The following passages -- about the nature of insurgencies and how to defeat them -- are drawn from David Galula's Counterinsurgency Warfare: Theory and Practice (1964):

On how much force to use:

"Reflexes and decisions that would be considered appropriate for the soldier in conventional warfare and for the civil servant in normal times are not necessarily the right ones in counterinsurgency operations. A soldier fired on in conventional war who does not fire back with every available weapon would be guilty of a dereliction of his duty; the reverse would be true in counterinsurgency warfare, where the rule is to apply the minimum of fire."

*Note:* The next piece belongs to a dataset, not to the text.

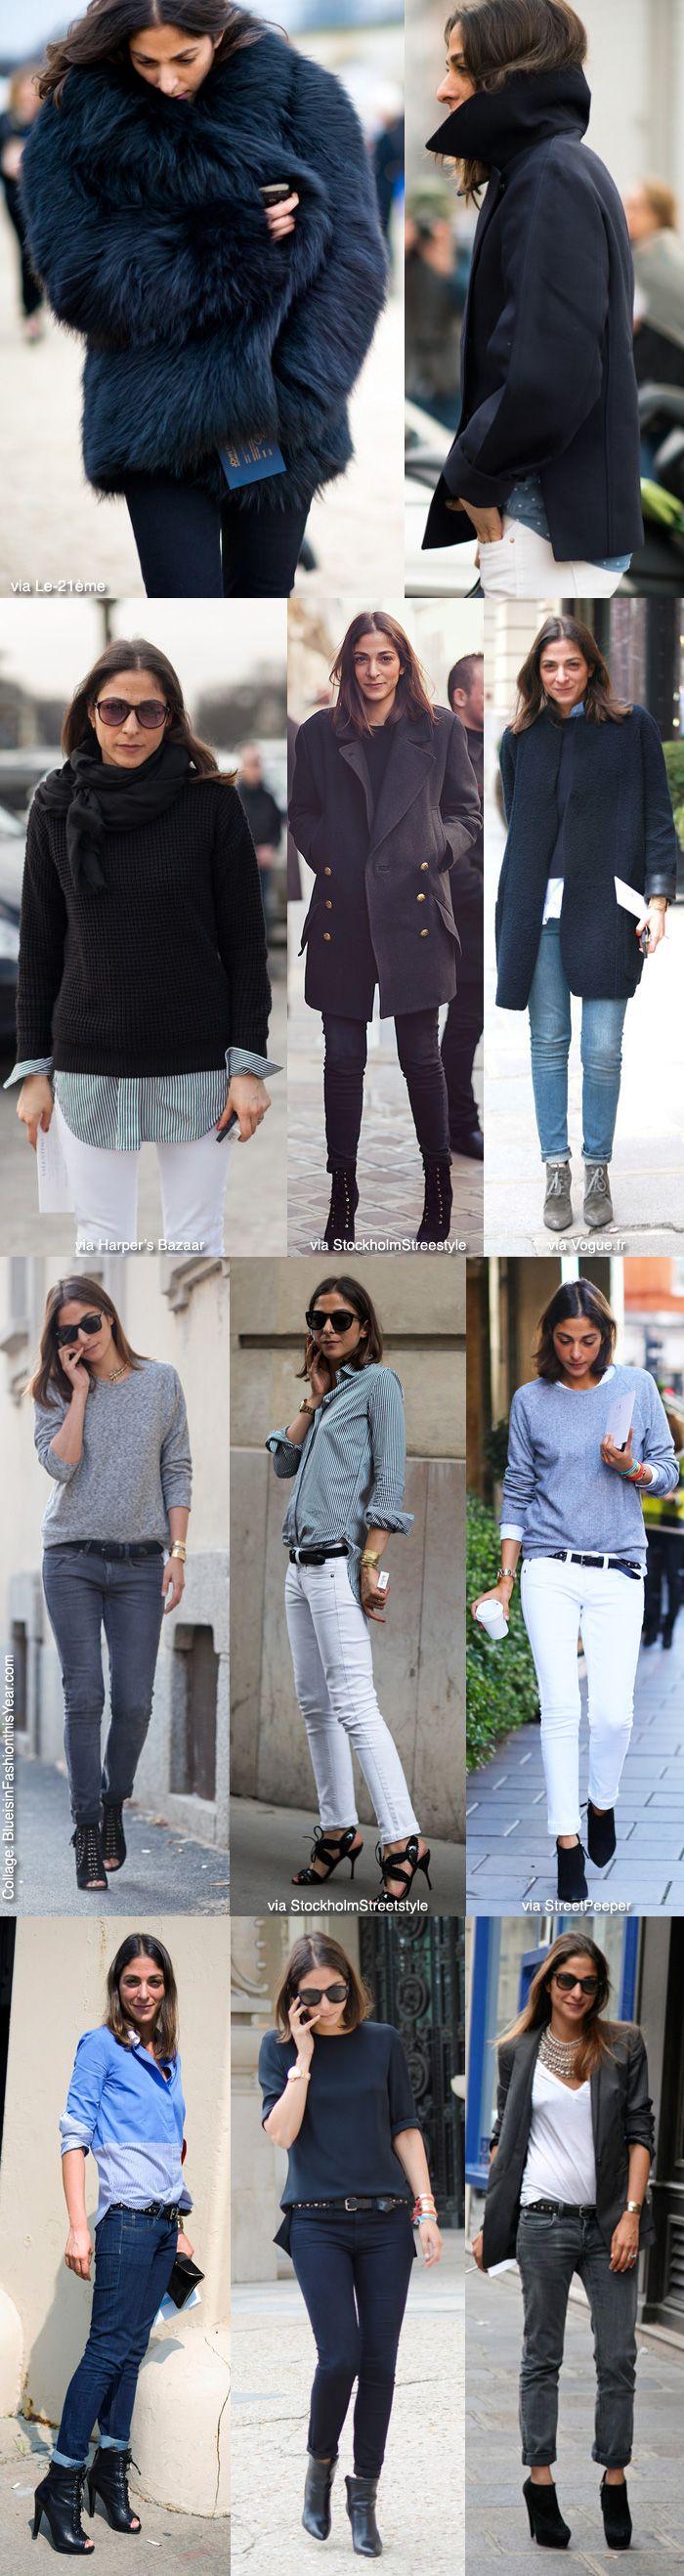 style with Capucine Safyurtlu Fashion & Market Editor of Vogue Paris.

On why major conventional operations don't work:

"[C]onventional operations by themselves have at best no more effect than a fly swatter. Some guerrillas are bound to be caught, but new recruits will replace them as fast as they are lost."

On how to treat the local population:

"Since antagonizing the population will not help, it is imperative that hardships for it and rash actions on the part of the forces be kept to a minimum. The units participating in the operations should be thoroughly indoctrinated to that effect, with misdeeds punished severely and even publicly if this can serve to impress the population."

On how to treat prisoners of war:

"Demoralization of the enemy's forces is an important task. The most effective way to achieve it is by employing a policy of leniency toward prisoners. They must be well treated and offered the choice of joining the movement or of being set free."

On how insurgents use the media:

"The insurgent, having no responsibility, is free to use every trick; if necessary, he can lie, cheat, exaggerate. He is not obliged to prove; he is judged by what he promises, not by what he does. Consequently, propaganda is a powerful weapon for him."

On why victory feels elusive:

"The myth of Sisyphus is a recurrent nightmare for the counterinsurgent."

On the importance of winning hearts and minds:

"The battle for the population is a major characteristic of the revolutionary war. . . . The objective being the population itself, the operations designed to win it over (for the insurgent) or to keep it at least submissive (for the counterinsurgent) are essentially of a political nature. . . . And so intricate is the interplay between the political and military actions that they cannot be tidily separated; on the contrary, every military move has to be weighed with regard to its political effects, and vice versa."